Avoid processed junk and instead consume fresh and healthy produce. Ensure your fats come from clean and healthy sources, make sure you watch your sugar intake and focus on mainly complex carbs instead of simple ones, and above all else, make sure you get plenty of fresh fruits and vegetables. The odd cheat meal now and then is fine, just make sure that 90% of your diet, is super clean and super healthy.

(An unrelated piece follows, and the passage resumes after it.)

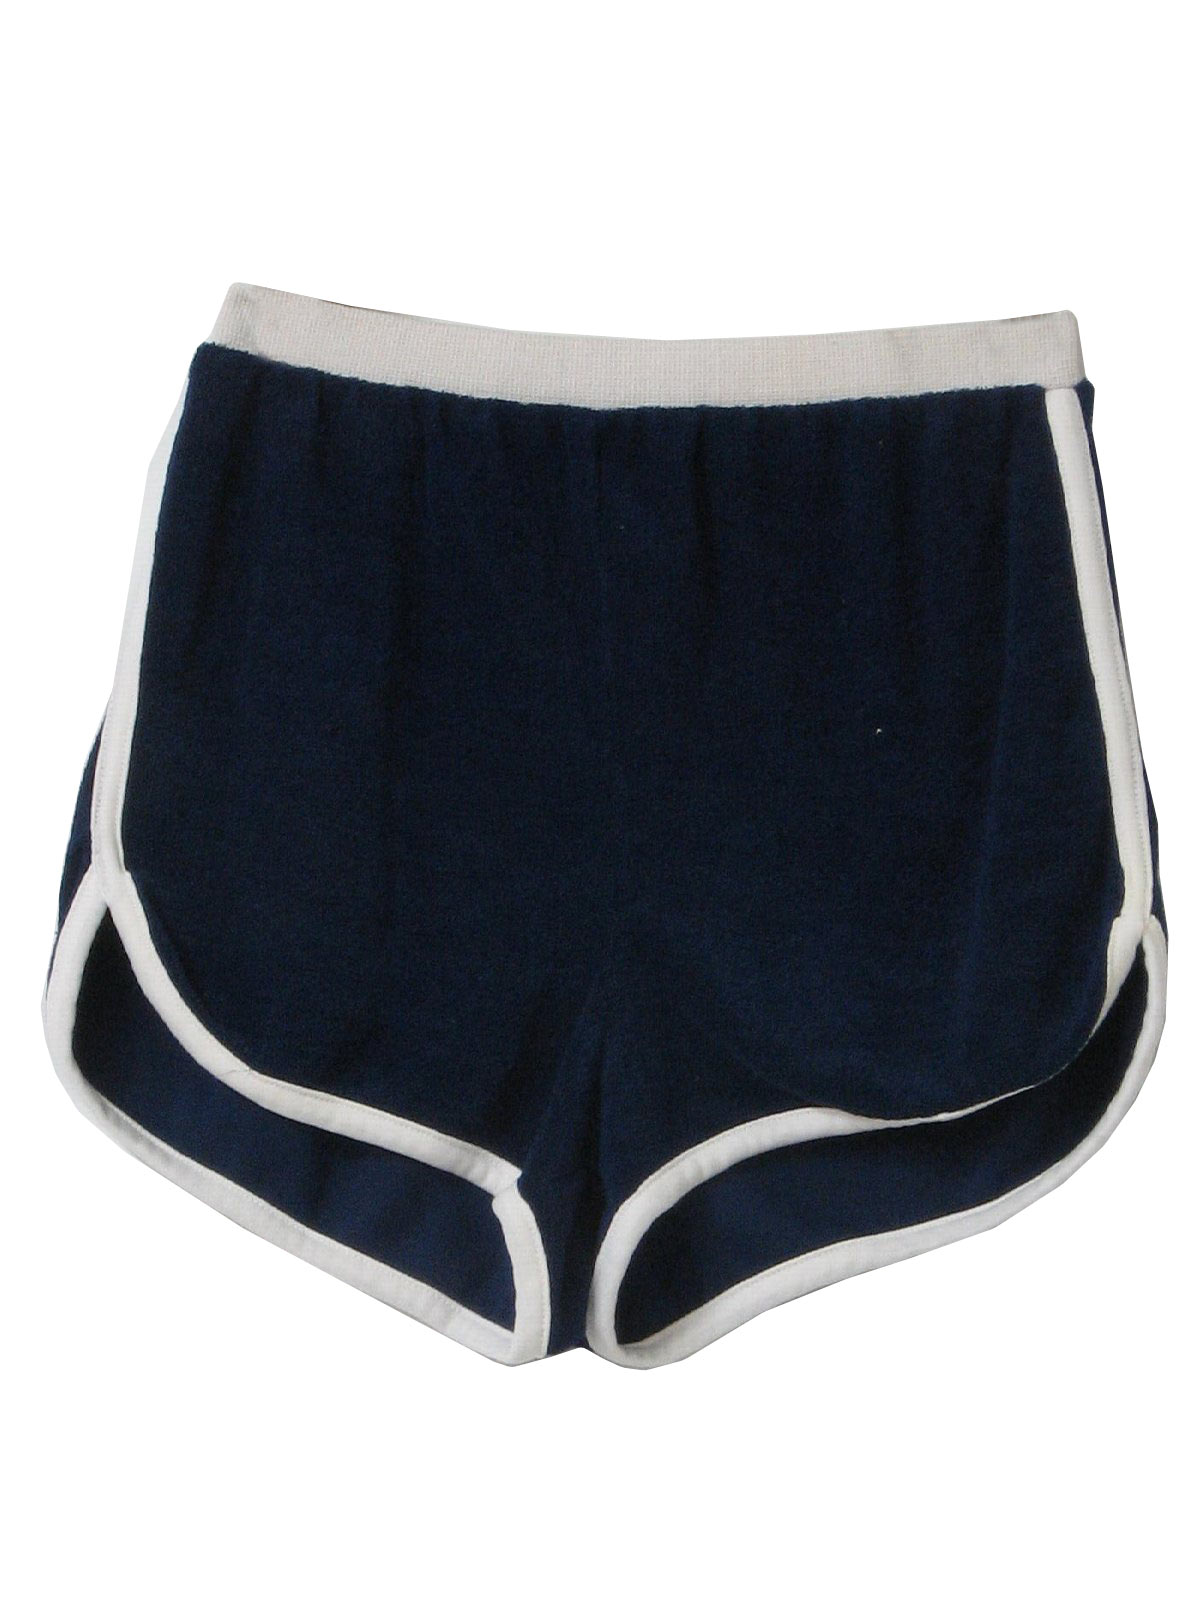 Retro 1980's Shorts (LeVoys) : 80s -LeVoys- Mens midnight blue ...

The Best 3-Day Powerlifting Program (2024) - Gym Geek (2024)
Top Articles
Form I-129: A Guide to the US Petition for Nonimmigrant Workers - ImmigrateInternational.com
Chicken Coop Brookhaven Ms
Jennifer Riordan Net Worth: A Comprehensive Look At Her Life And Legacy
OneFS Logfile Collection with isi-gather-info | Dell Technologies Info Hub
Al Horford House Brookline
Puss In Boots: The Last Wish Showtimes Near Fox Berkshire
Tinyzonehd
Dr Frita Mcrae Fisher Husband
Sara Carter Fox News Photos
Stockton (California) – Travel guide at Wikivoyage
Pulitzer And Tony Winning Play About A Mathematical Genius Crossword
Faotp Meaning In Text
What is 2/3 as a decimal? (Convert 2/3 to decimal)
ONE PAN BROCCOLI CASHEW CHICKEN
Madison.ellee
Bigbug Rotten Tomatoes
Brianna Aerial Forum
24 Hour Pharmacy St Louis Mo
Unveiling The Fascination: Makayla Campinos Video
Sophia Garapetian Twitter
Battlenet We Couldn't Verify Your Account With That Information
Troy Bilt Belt Diagram
Dive into Hearts and Adventure: Top 10 Lexi Heart Books to Experience
All Obituaries | Dante Jelks Funeral Home LLC. | Birmingham AL funeral home and cremation Gadsden AL funeral home and cremation
Used Travel Trailers Under $5000 Craigslist
WhirlyBall: next-level bumper cars
G122 Pink Pill
Think Up Elar Level 5 Answer Key Pdf
5128 Se Bybee Blvd
Myhr.bannerhealth.com
Knock At The Cabin Showtimes Near Alamo Drafthouse Raleigh
San Bernardino Pick A Part Inventory
Sam's Club Stafford Gas Price
Deshaun Watson Stats, News and Video - QB | NFL.com
Is Jamie Kagol Married
Simple Simon's Pizza Lone Jack Menu
Seriennummern aus dem Internet
Gabrielle Abbate Obituary
Paper Io 2 Unblocked Games Premium
Bj 사슴이 분수
Seats 3D Ubs Arena
Pge Set Up Service
South Carolina Craigslist Motorcycles
Israel Tripadvisor Forum
Welcome to Predator Masters -- Hunting the Hunters
Kingdom Tattoo Ithaca Mi
Babyrainbow Private
Bucks County fall festivals and events to keep you busy through the season
Craigslist Free Stuff Bellingham
The Complete History Of The Yahoo Logo - Hatchwise
Auctionzipauctions
Latest Posts
Article information

Author: Greg O'Connell

Last Updated:

Views: 6199

Rating: 4.1 / 5 (62 voted)

Reviews: 85% of readers found this page helpful

Author information

Name: Greg O'Connell

Birthday: 1992-01-10

Address: Suite 517 2436 Jefferey Pass, Shanitaside, UT 27519

Phone: +2614651609714

Job: Education Developer

Hobby: Cooking, Gambling, Pottery, Shooting, Baseball, Singing, Snowboarding

Introduction: My name is Greg O'Connell, I am a delightful, colorful, talented, kind, lively, modern, tender person who loves writing and wants to share my knowledge and understanding with you.